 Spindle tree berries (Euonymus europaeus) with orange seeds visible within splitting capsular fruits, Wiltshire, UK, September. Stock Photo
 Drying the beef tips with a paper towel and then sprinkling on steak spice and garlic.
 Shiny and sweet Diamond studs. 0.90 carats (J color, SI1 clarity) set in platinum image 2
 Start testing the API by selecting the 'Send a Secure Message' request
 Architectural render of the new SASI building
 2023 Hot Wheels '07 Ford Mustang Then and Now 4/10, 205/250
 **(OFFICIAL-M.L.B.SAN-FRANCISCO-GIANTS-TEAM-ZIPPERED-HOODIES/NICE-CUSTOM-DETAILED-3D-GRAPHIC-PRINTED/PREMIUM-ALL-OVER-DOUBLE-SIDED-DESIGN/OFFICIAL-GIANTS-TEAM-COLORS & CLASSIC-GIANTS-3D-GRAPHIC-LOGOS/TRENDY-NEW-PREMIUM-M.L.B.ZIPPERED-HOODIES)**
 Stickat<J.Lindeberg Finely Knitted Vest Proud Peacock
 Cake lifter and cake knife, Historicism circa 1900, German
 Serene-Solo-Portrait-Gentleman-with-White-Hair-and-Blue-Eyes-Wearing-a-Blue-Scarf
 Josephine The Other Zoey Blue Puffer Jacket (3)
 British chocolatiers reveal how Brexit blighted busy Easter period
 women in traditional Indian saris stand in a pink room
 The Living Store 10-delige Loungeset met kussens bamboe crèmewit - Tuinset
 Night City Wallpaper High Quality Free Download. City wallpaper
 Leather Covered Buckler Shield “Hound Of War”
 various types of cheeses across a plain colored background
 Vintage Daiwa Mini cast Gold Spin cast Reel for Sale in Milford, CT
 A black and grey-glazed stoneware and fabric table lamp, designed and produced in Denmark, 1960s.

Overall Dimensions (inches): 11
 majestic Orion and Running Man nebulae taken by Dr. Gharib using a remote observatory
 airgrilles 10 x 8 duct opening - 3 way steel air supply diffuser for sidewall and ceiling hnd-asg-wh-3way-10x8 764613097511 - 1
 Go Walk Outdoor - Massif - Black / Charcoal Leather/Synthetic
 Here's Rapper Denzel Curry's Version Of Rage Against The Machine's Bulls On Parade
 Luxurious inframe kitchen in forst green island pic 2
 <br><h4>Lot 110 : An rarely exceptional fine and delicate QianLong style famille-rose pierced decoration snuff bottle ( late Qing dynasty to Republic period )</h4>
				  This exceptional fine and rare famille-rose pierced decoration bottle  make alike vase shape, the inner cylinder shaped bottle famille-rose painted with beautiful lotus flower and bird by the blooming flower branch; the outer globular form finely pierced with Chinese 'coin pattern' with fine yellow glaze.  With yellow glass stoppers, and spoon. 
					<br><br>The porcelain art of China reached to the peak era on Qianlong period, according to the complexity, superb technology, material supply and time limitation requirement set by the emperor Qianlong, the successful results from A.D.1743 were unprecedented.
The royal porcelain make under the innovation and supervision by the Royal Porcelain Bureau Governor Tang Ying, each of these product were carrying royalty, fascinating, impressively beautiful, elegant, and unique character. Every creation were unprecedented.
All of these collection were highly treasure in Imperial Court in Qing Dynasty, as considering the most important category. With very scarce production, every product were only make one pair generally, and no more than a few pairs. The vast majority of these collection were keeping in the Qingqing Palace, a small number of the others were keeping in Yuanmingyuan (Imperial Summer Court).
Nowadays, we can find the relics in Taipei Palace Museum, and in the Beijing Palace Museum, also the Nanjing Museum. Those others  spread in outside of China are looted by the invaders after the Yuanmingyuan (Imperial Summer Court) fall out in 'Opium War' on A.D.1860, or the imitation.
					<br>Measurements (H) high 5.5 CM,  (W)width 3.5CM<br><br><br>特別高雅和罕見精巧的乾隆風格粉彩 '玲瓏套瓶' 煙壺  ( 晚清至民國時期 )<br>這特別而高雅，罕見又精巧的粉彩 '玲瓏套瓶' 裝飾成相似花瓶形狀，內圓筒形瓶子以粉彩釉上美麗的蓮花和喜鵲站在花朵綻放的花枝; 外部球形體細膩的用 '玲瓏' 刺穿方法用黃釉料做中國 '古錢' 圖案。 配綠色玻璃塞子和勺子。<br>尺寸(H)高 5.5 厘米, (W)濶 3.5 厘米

» **Requirement**
Could you write out, exactly as they stand, only the lines above that begin at the line with "women in traditional" and stop after the line with "This exceptional fine"?

» **Answer to the problem**
 women in traditional Indian saris stand in a pink room
 The Living Store 10-delige Loungeset met kussens bamboe crèmewit - Tuinset
 Night City Wallpaper High Quality Free Download. City wallpaper
 Leather Covered Buckler Shield “Hound Of War”
 various types of cheeses across a plain colored background
 Vintage Daiwa Mini cast Gold Spin cast Reel for Sale in Milford, CT
 A black and grey-glazed stoneware and fabric table lamp, designed and produced in Denmark, 1960s.

Overall Dimensions (inches): 11
 majestic Orion and Running Man nebulae taken by Dr. Gharib using a remote observatory
 airgrilles 10 x 8 duct opening - 3 way steel air supply diffuser for sidewall and ceiling hnd-asg-wh-3way-10x8 764613097511 - 1
 Go Walk Outdoor - Massif - Black / Charcoal Leather/Synthetic
 Here's Rapper Denzel Curry's Version Of Rage Against The Machine's Bulls On Parade
 Luxurious inframe kitchen in forst green island pic 2
 <br><h4>Lot 110 : An rarely exceptional fine and delicate QianLong style famille-rose pierced decoration snuff bottle ( late Qing dynasty to Republic period )</h4>
				  This exceptional fine and rare famille-rose pierced decoration bottle  make alike vase shape, the inner cylinder shaped bottle famille-rose painted with beautiful lotus flower and bird by the blooming flower branch; the outer globular form finely pierced with Chinese 'coin pattern' with fine yellow glaze.  With yellow glass stoppers, and spoon. 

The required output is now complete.